Ххххх! Т-фу!

…а вот и не тут-то было. Руку выворотил. Ногой ка-ак даст по зубам. Коленом – хрусть! Зуб из гнезда корчуется с керамическим скрежетом. За горло хвать! Дыхание перехвать. Зуб в глотку нырь. И проглатывается. Как леденец недолизанный. Да ещё и по гортани осколком эмали карябает. Но всё это уже потом. После. Последствия. Следствие того, что было вначале. А вначале… вначале был плевок сквозь пока тогда целые, несокрушённые передние.

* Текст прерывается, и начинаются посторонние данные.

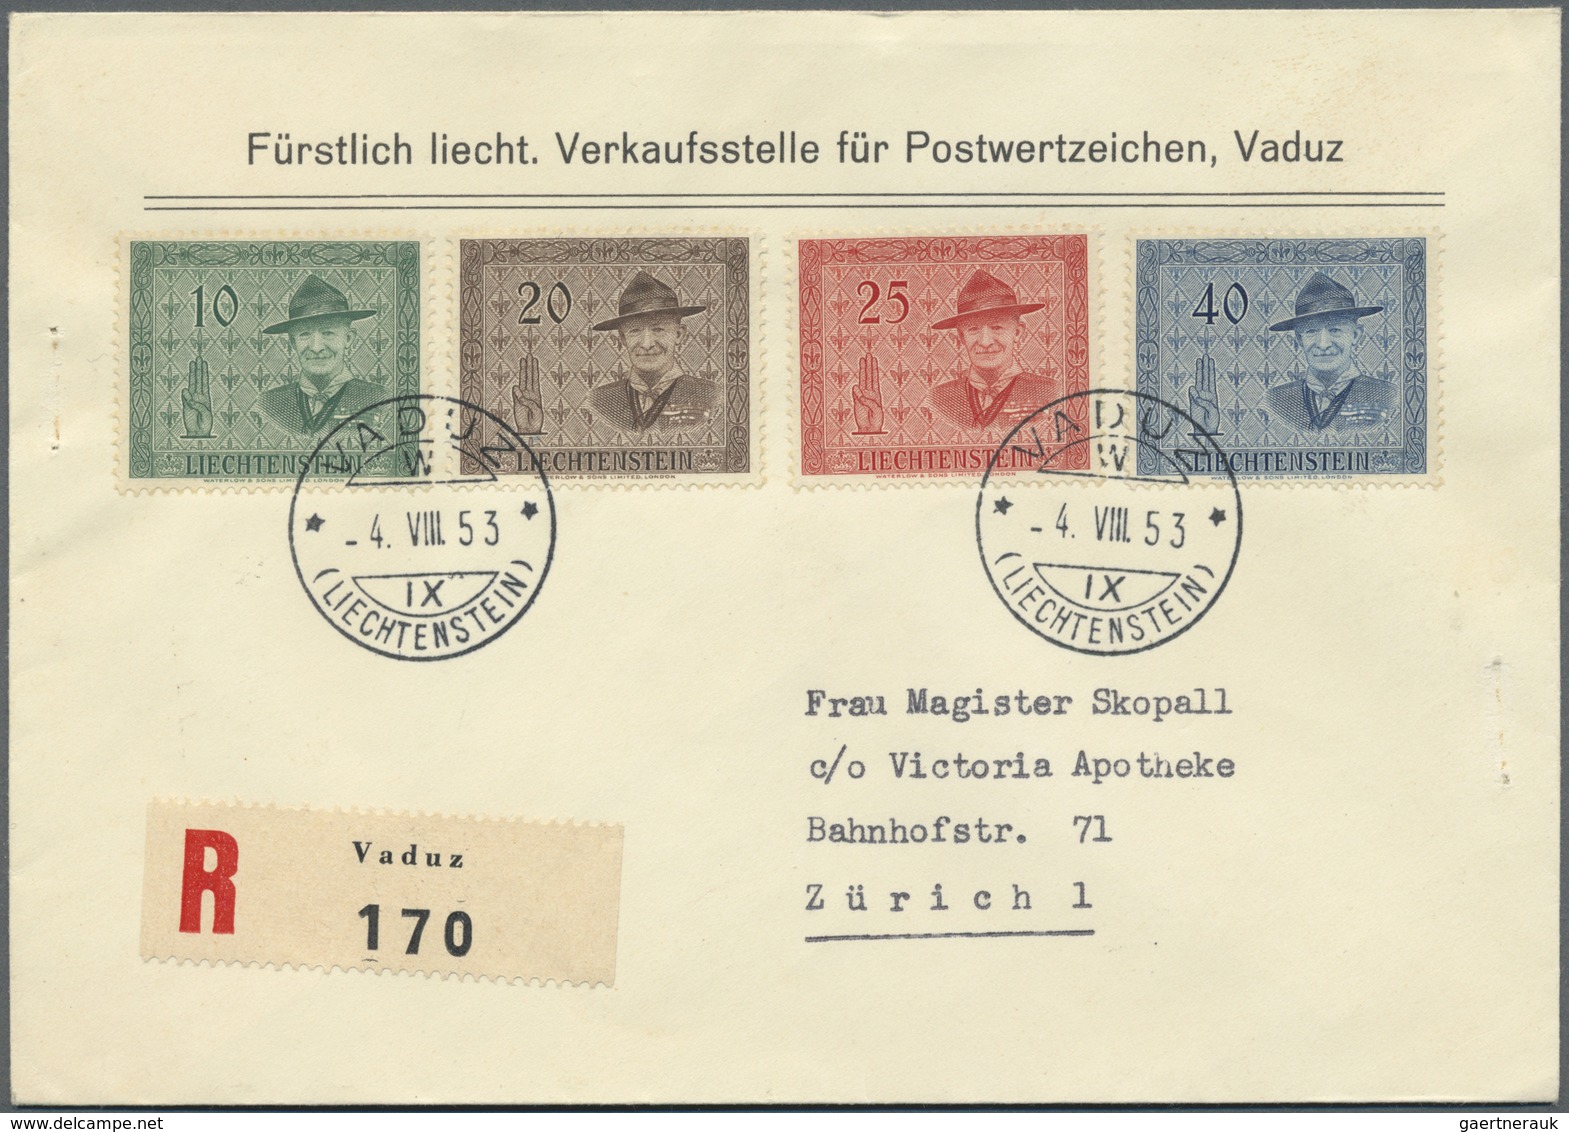 Br/GA/ Liechtenstein: 1918/1960, netter Sammlungsposten von über 100 Briefen und Ganzsachen, dabei bessere

 Вначале был плевок. Жил-был. Жил недолго. Родился стремглав. Стремясь из головы, не вмещающей многих уроков жизни (и классных и заданных на дом, наглядных и за-очных, и, что самое здесь существенное, уроков хорошего тона). По сусекам носоглотки и слизистой наскребённый. С сопельным грохотанием стянутый к языку. Языком в одну вязкую бяку увязанный. Пневматическим разрядом лёгких обречённый на быстролётную жизнь выстрела. Ружьё в тире разряжается в тире (—) траектории приблизительно с тем же кнутовым прищелком, с каким был произведён на свет этот плевок.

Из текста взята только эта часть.